* _Goal of the exercise_: An exact transcription of the listing, without its images, is what the answer must contain.

Top of Provided records

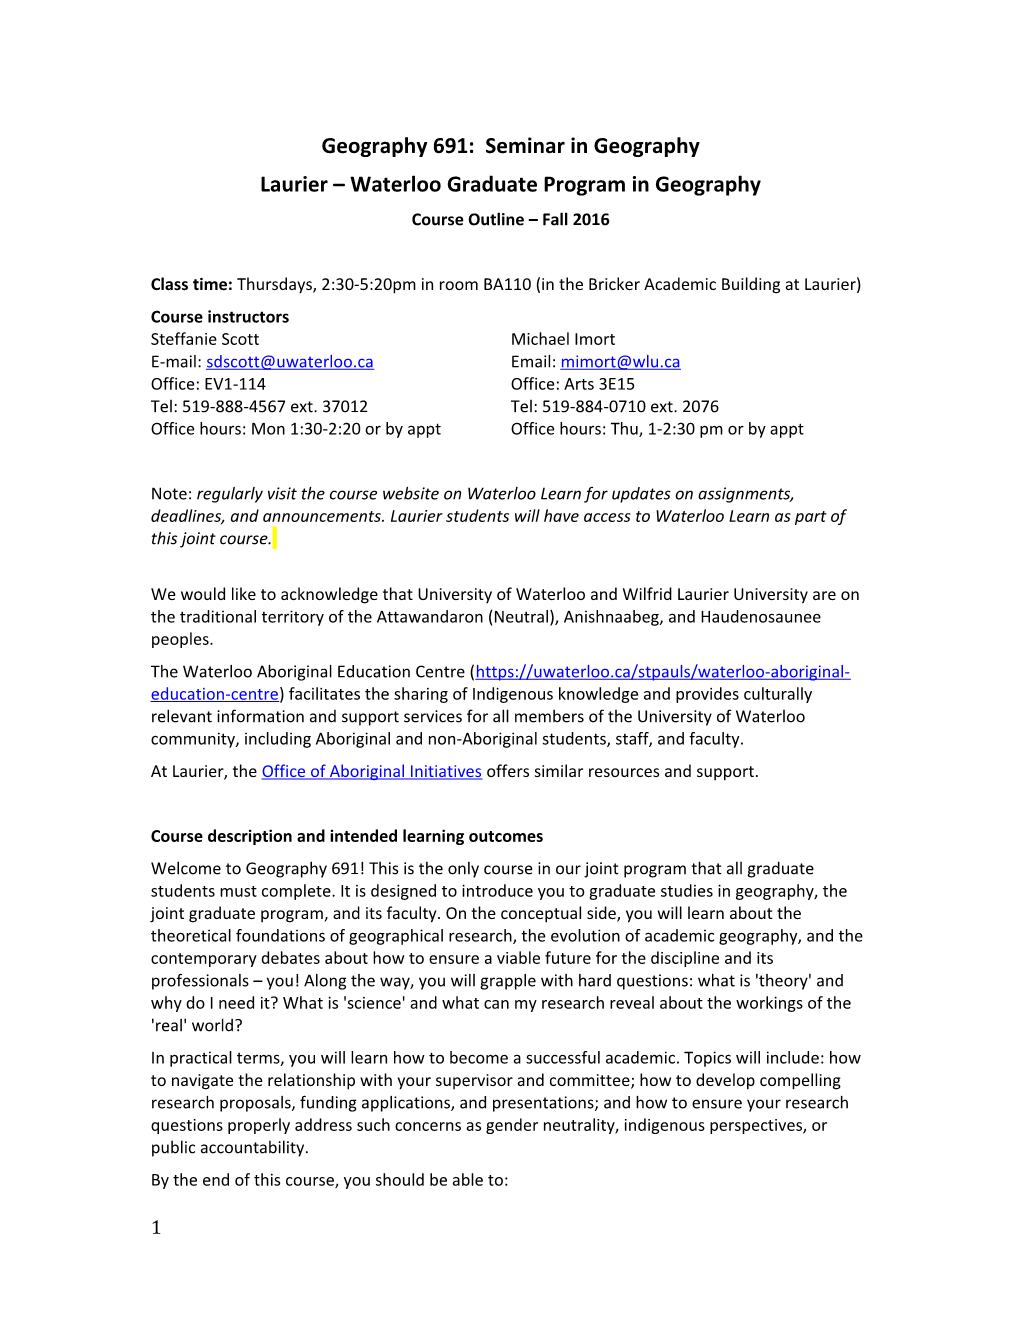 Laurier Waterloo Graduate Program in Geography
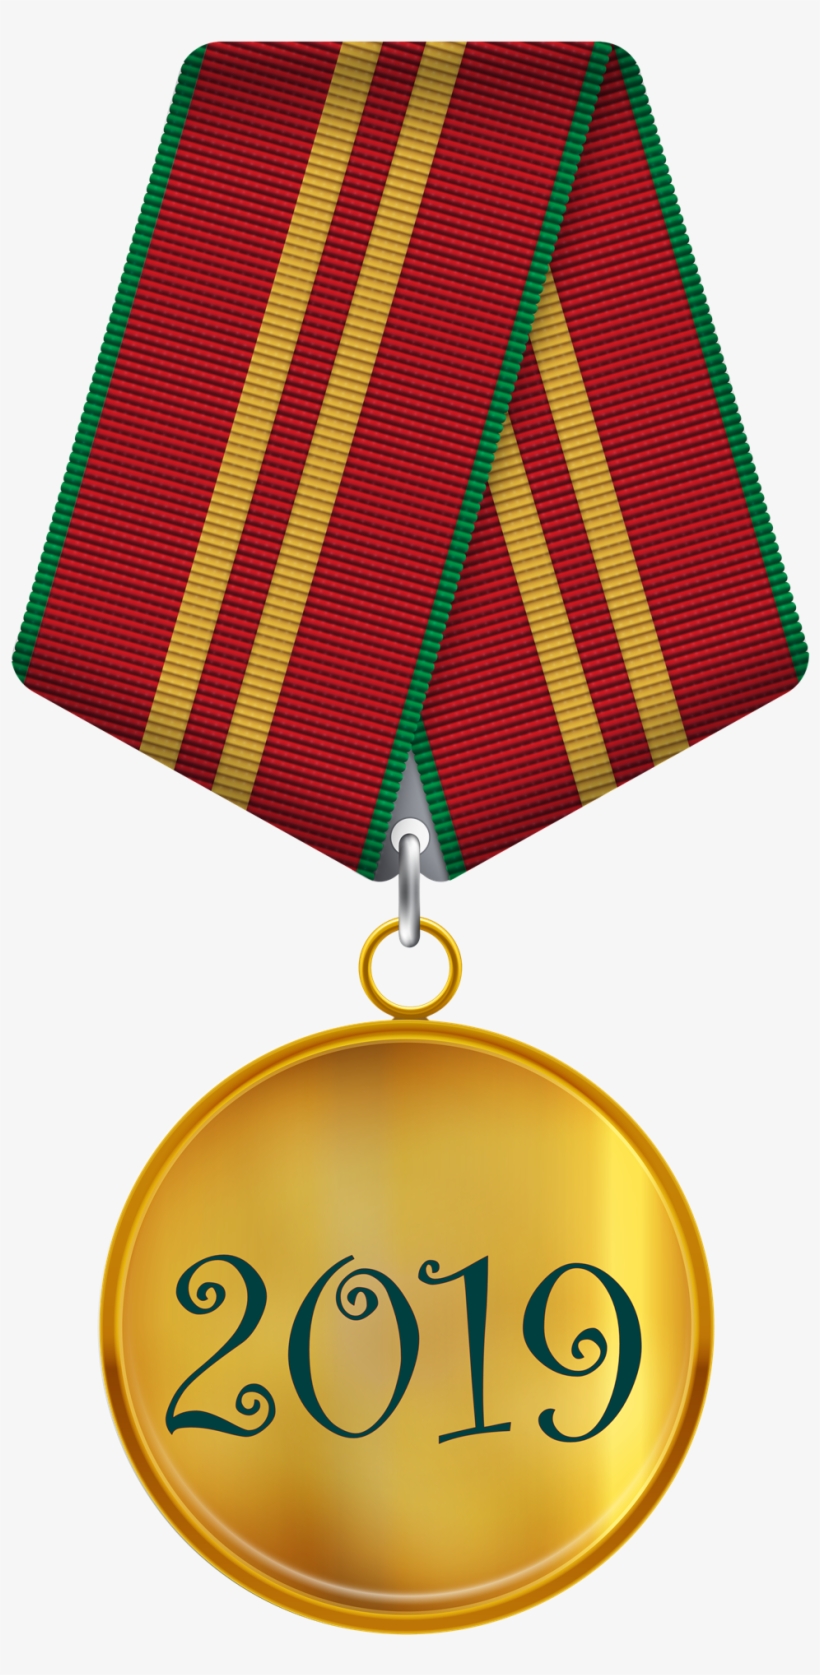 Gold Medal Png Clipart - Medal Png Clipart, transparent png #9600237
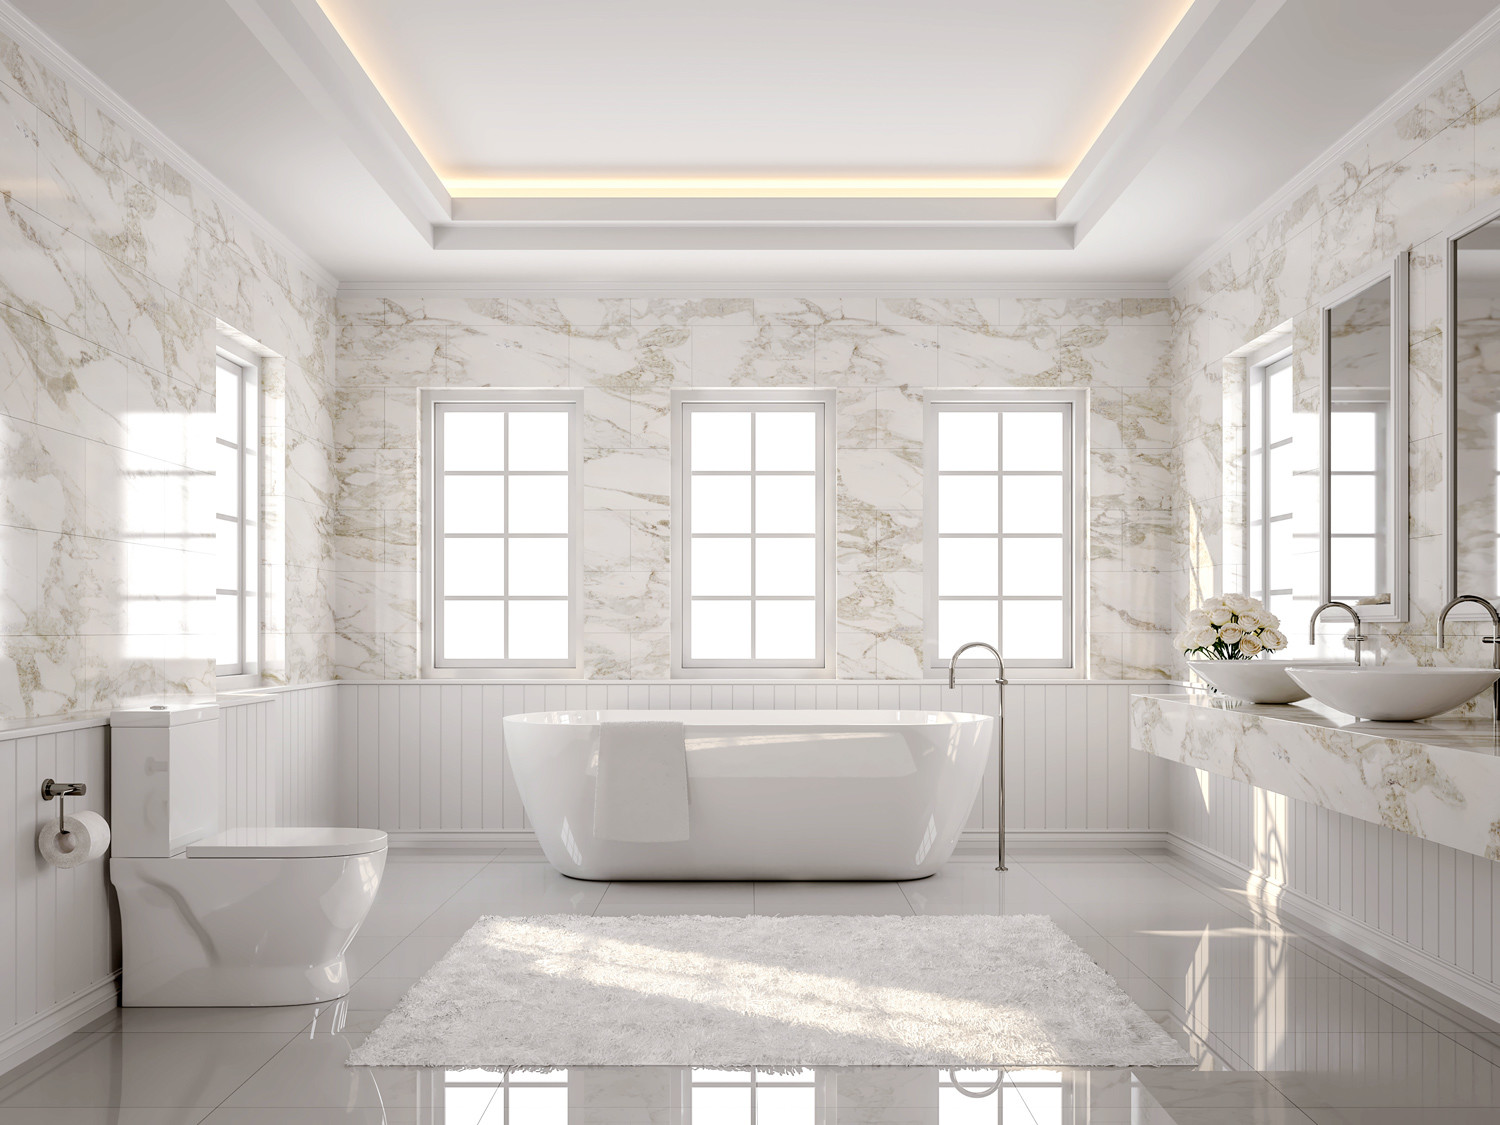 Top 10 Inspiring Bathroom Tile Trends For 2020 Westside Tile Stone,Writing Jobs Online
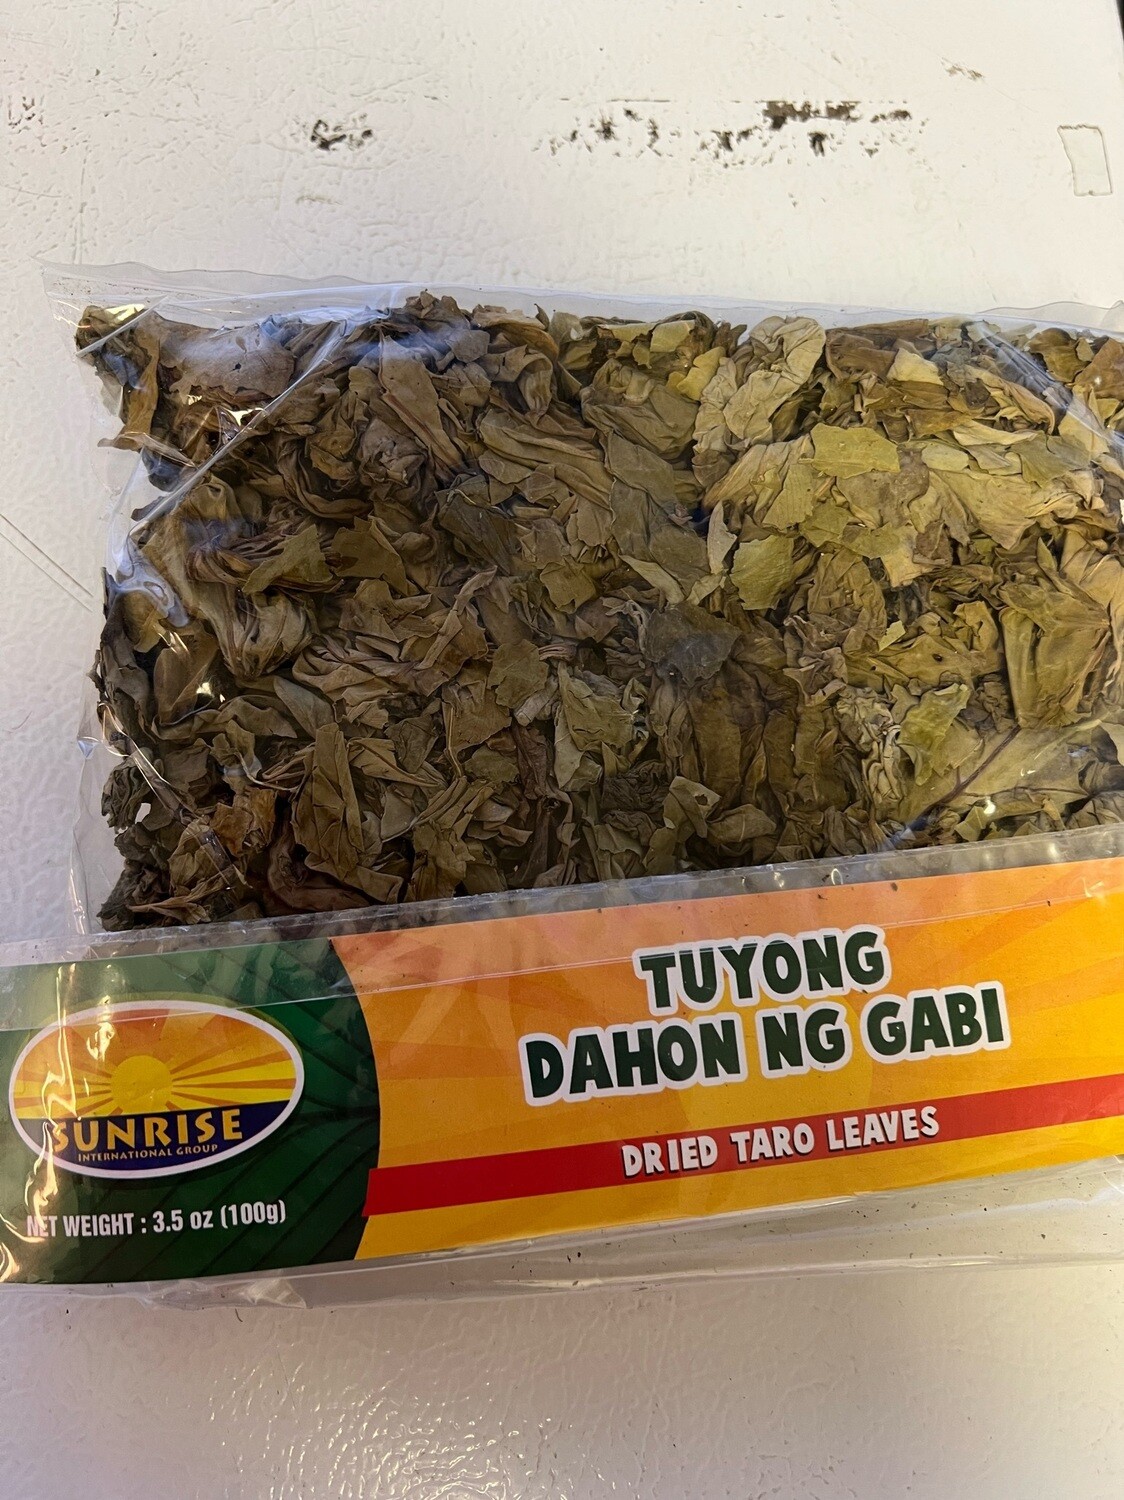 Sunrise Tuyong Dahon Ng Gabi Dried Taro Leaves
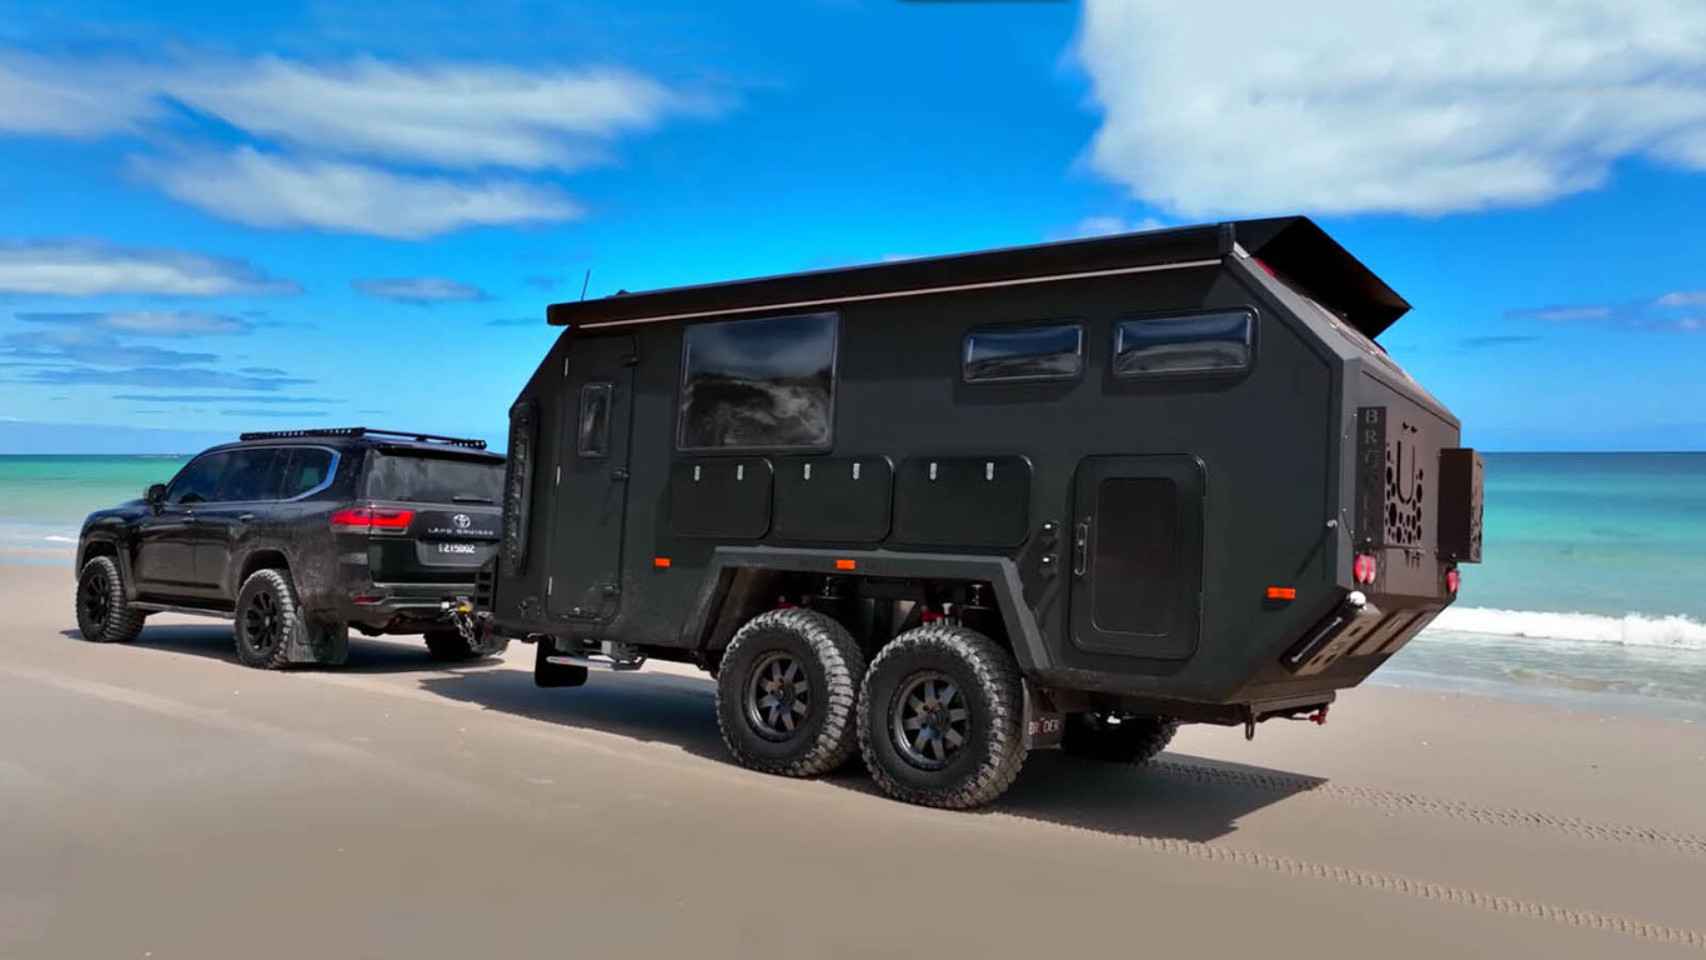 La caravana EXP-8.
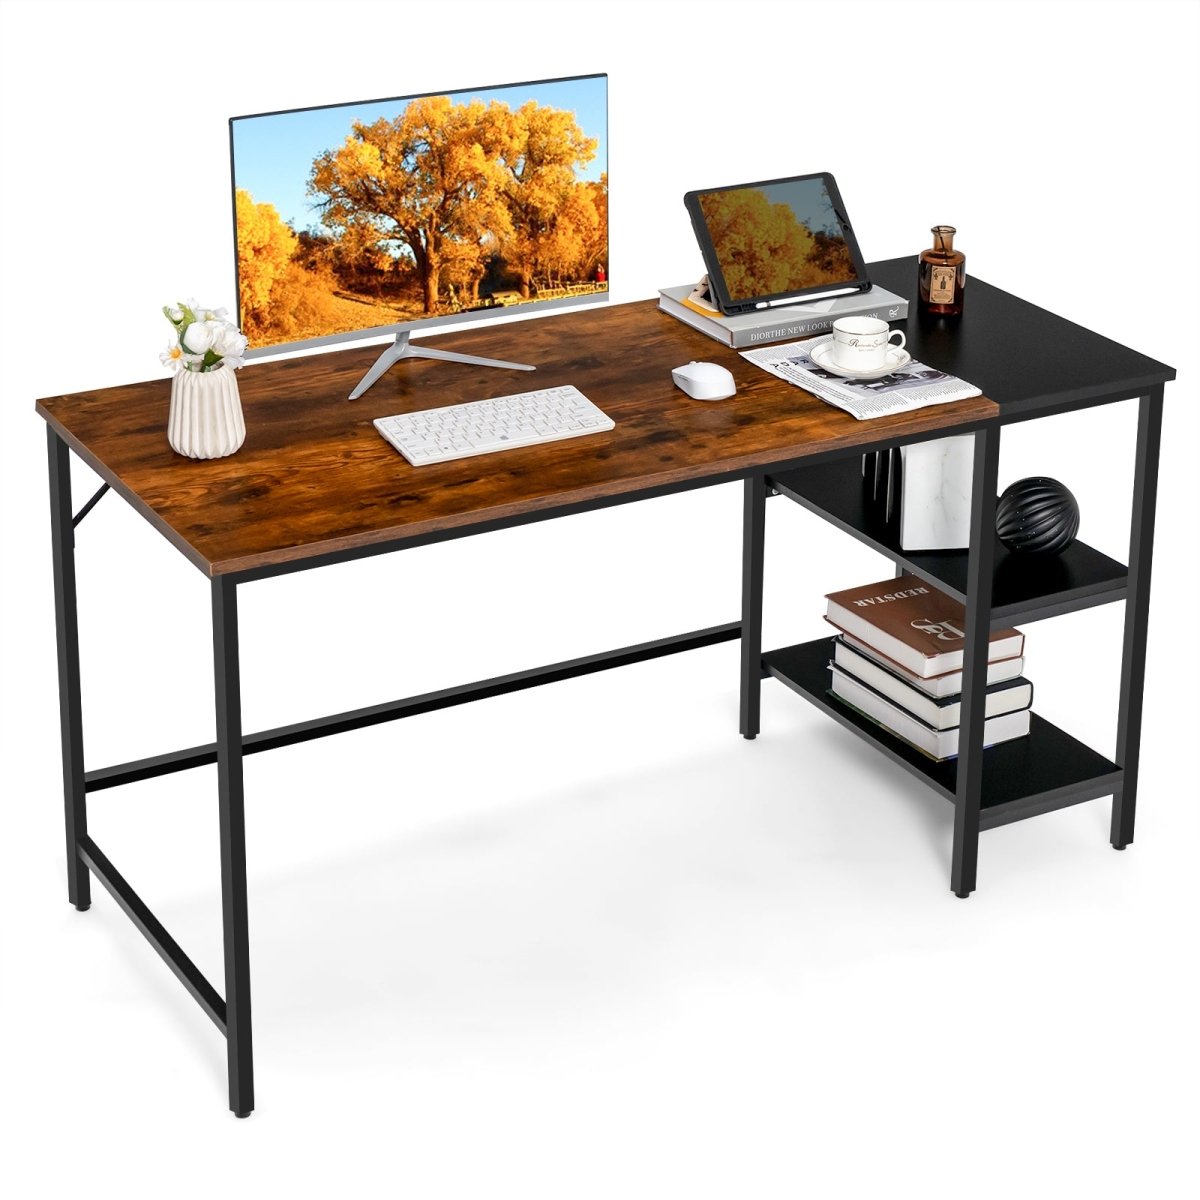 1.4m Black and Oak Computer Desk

Bottom of Provided records

* _Task response_:
 Laurier Waterloo Graduate Program in Geography
 Gold Medal Png Clipart - Medal Png Clipart, transparent png #9600237
 Top 10 Inspiring Bathroom Tile Trends For 2020 Westside Tile Stone,Writing Jobs Online
 Sunrise Tuyong Dahon Ng Gabi Dried Taro Leaves
 La caravana EXP-8.
 1.4m Black and Oak Computer Desk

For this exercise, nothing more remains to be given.